China:  After creating half the country’s wealth in 2005, private enterprises are poised for an even bigger role in the years ahead, a key government think-tank said yesterday in Beijing.

"The non-State-owned sector is projected to contribute three- fourths of China’s GDP in five years, when at least 70 per cent of the country’s firms will be privately owned," the Chinese Academy of Social Sciences predicted in its annual report.

While the private sector lurked in the shadows only a quarter-century ago, its current high profile is a testament to the country’s support policies, but more equitable treatment is needed, industry representatives said at a seminar to mark the release of the report.

Based on data from the National Bureau of Statistics, the "Blue Book of the Non-State-Owned Economy" revised earlier estimates that domestic private businesses have contributed one-third to China’s GDP in recent years.

The latest findings raised their contribution to 50 per cent last year. They also provided eight out of 10 new jobs in non-agricultural sectors.

If the quantum contributed by overseas-funded ventures is added, the private economy accounted for roughly 65 per cent of the national economy in 2005 and the ratio is expected to jump to 75 per cent by 2010, the report says.

Private enterprises have proliferated, especially in recent years, when the government set out constitutional guarantees and policy incentives to buoy the healthy development of the sector and protect the property of entrepreneurs.

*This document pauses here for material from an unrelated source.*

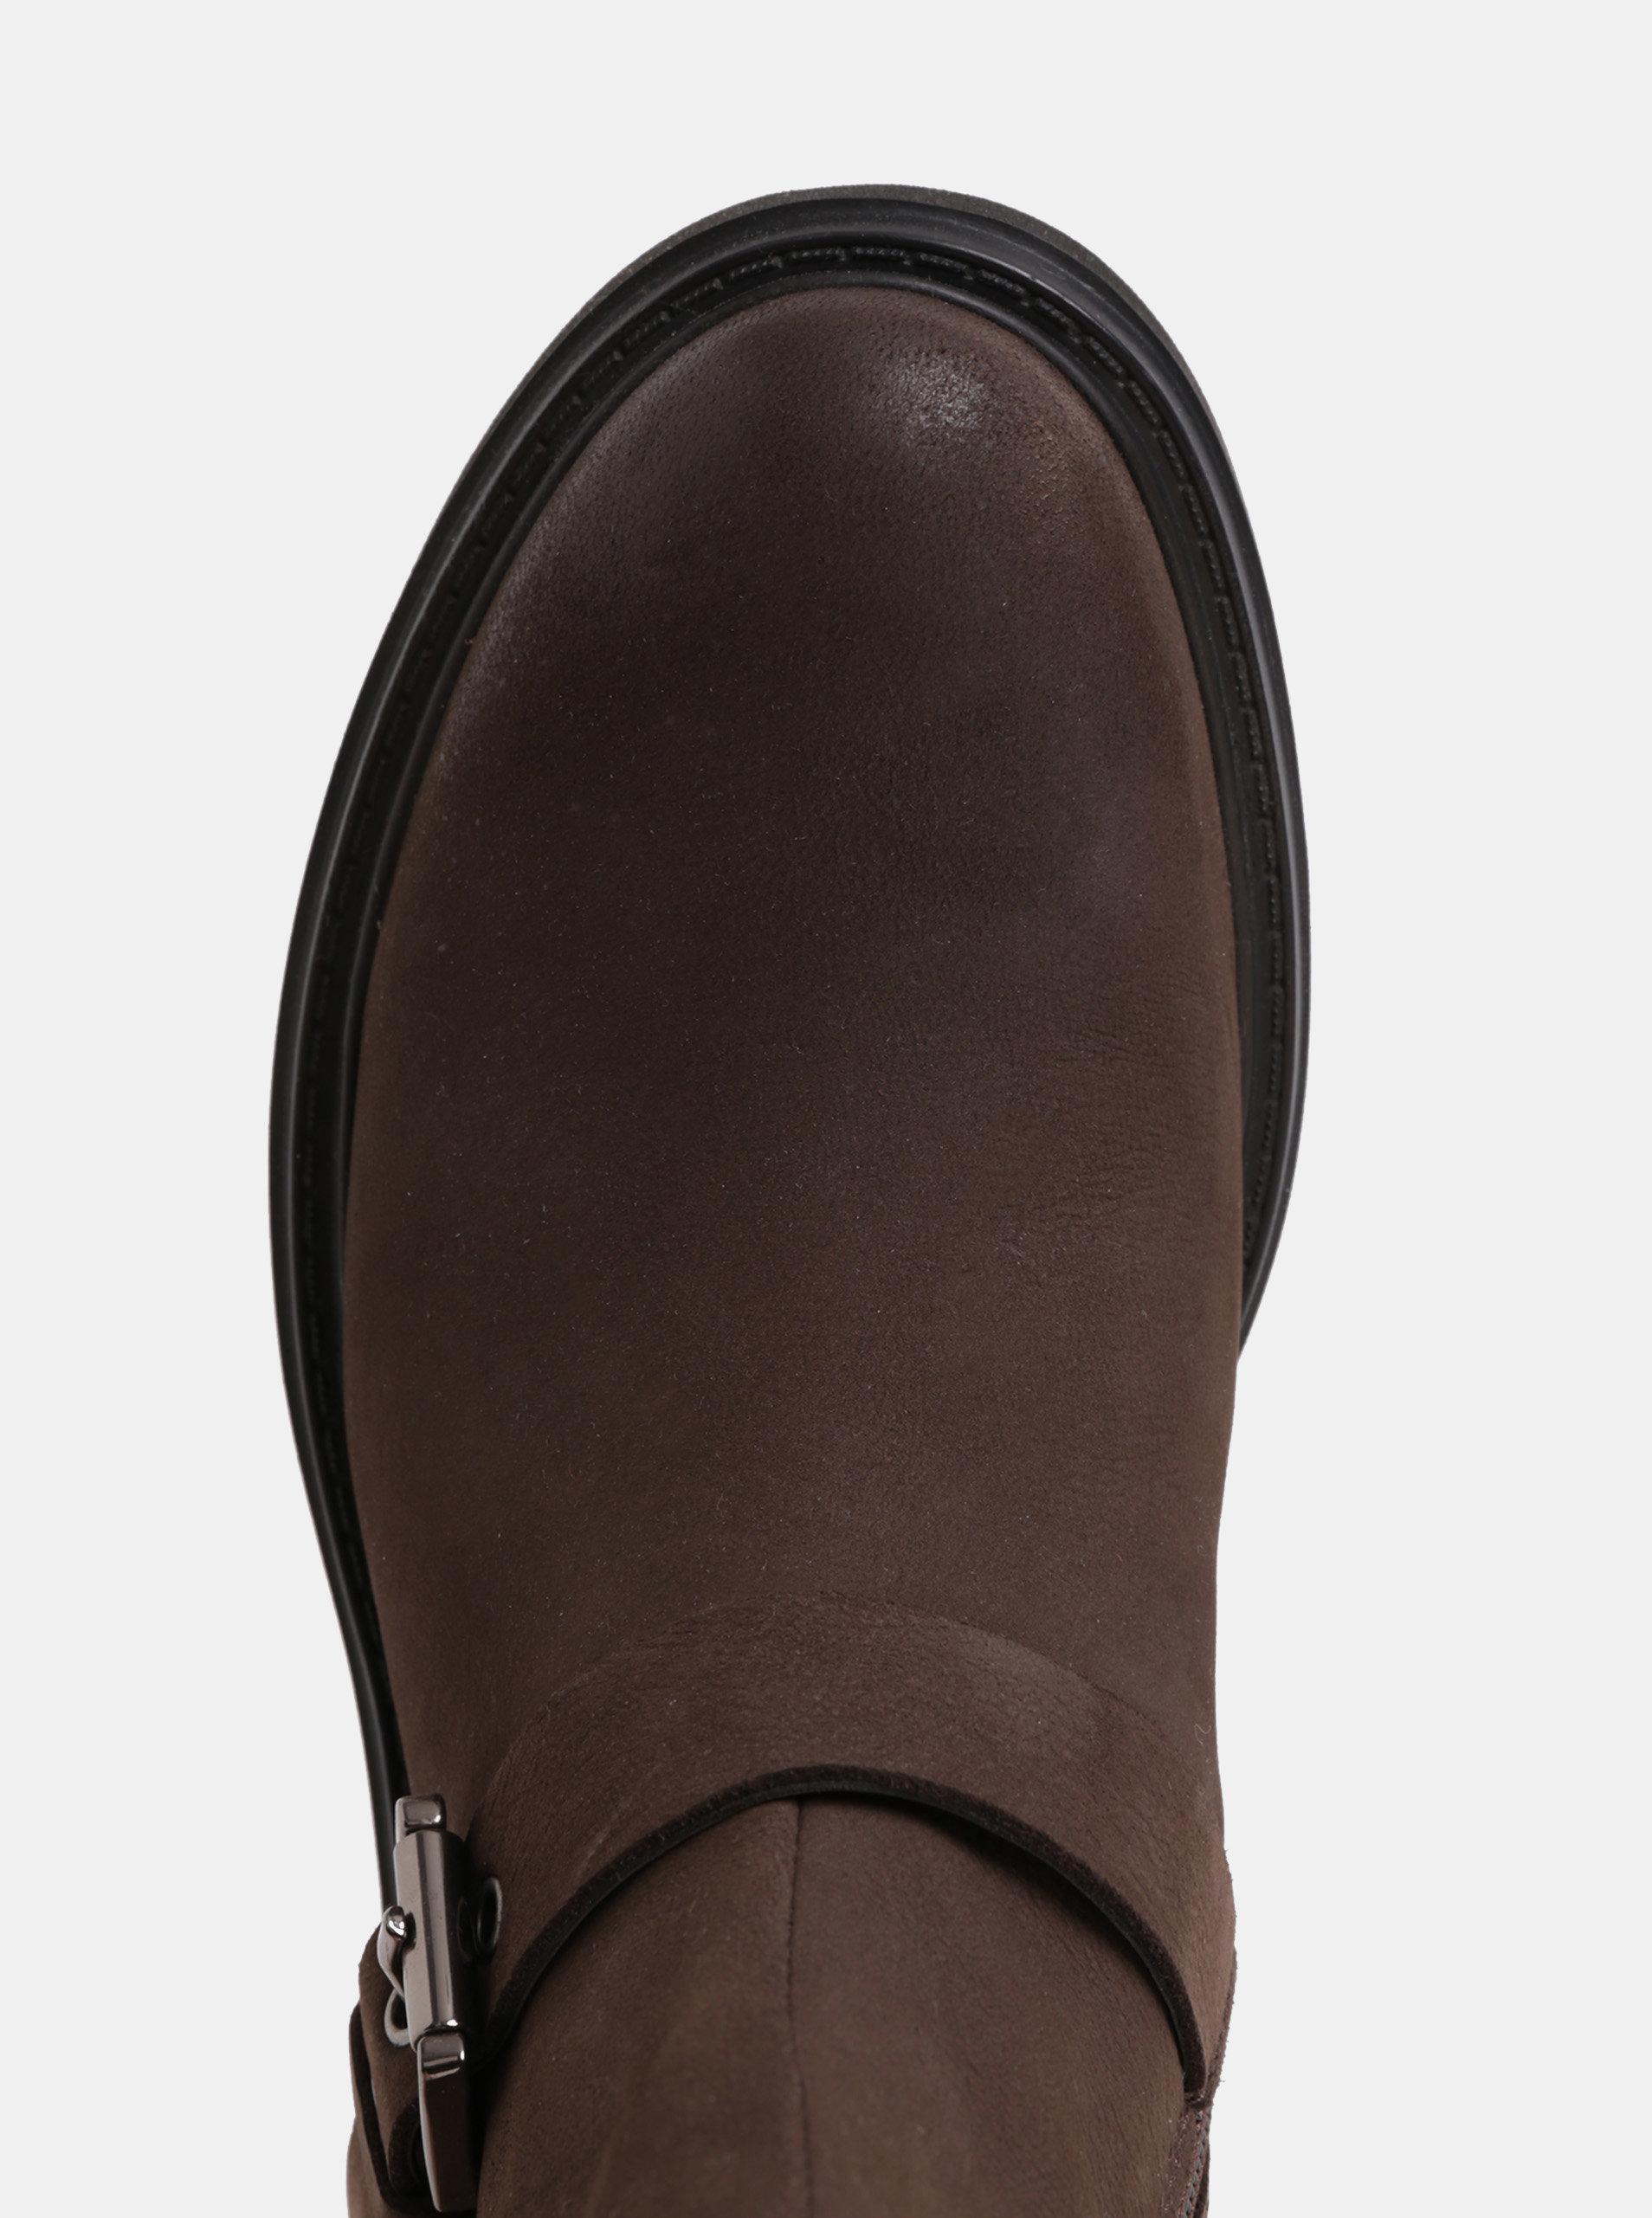 dd5d91d802 Hnedé dámske kožené členkové topánky s prackou Goex Asheely ...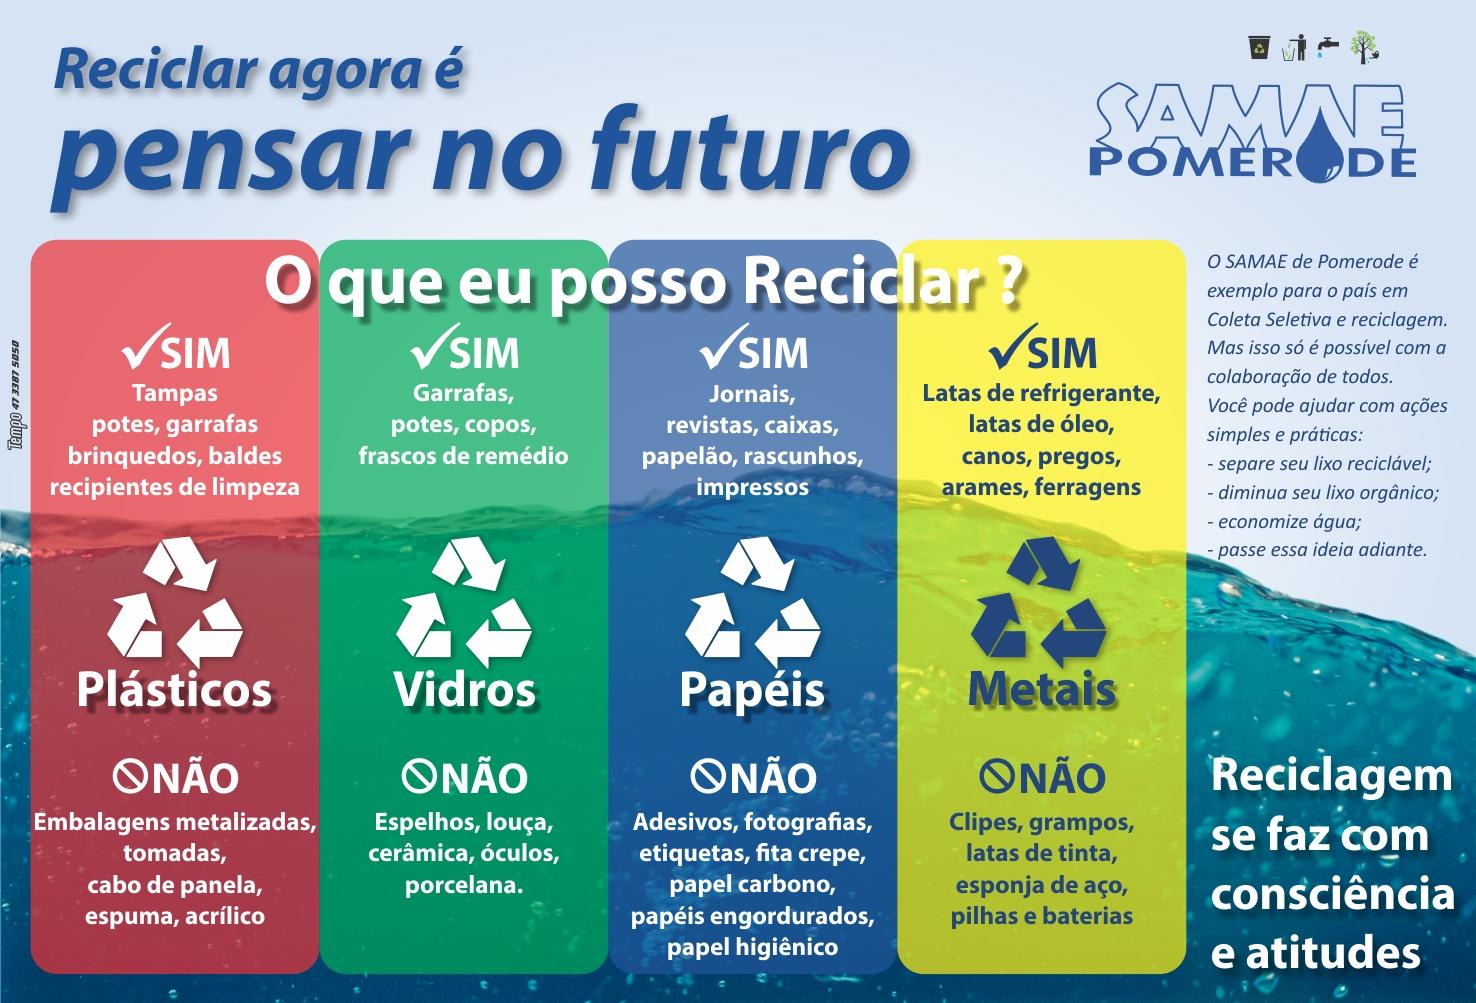 Anuncio Reciclar

As a result, they have galloped into industries once dominated by State-owned enterprises.

For example, private firms generated sales of 797.3 billion yuan (US$101 billion) last year an annual growth of 55 per cent since 2000 in smelting and processing of ferrous and non-ferrous metals alone. They have also invested in sectors such as post and communications, power and coal gas, according to the report.

In tandem, the growth rate of taxes paid by the private sector has by far surpassed that of State companies and the sector has become a major contributor to State coffers.

Over the past five years, taxes paid by private firms grew by at least 40 per cent a year, compared with an annual increase of less than 7 per cent by State businesses.

"In many a local region in China, tax revenue generated by the private sector accounts for over 80 per cent of local government revenue," the report says.

Despite their stellar performance, said Gu Shengzu, vice-chairman of the All-China Federation of Industry and Commerce, private companies still face barriers in securing financing, which was hobbling their development.

Less than 10 per cent of total bank lending goes to domestic private firms while overseas-invested businesses enjoy preferential treatment in taxation and financing, he pointed out.

Chen Yongjie, one of the main authors of the report, said private companies must be given a level playing field promised to them in terms of market access, financing and tax policies.

Chen said he believed that a group of conglomerates competitive in both local and global markets would emerge in the private sector by 2010.

"Some of them will join the ranks of the Global 500," he forecast.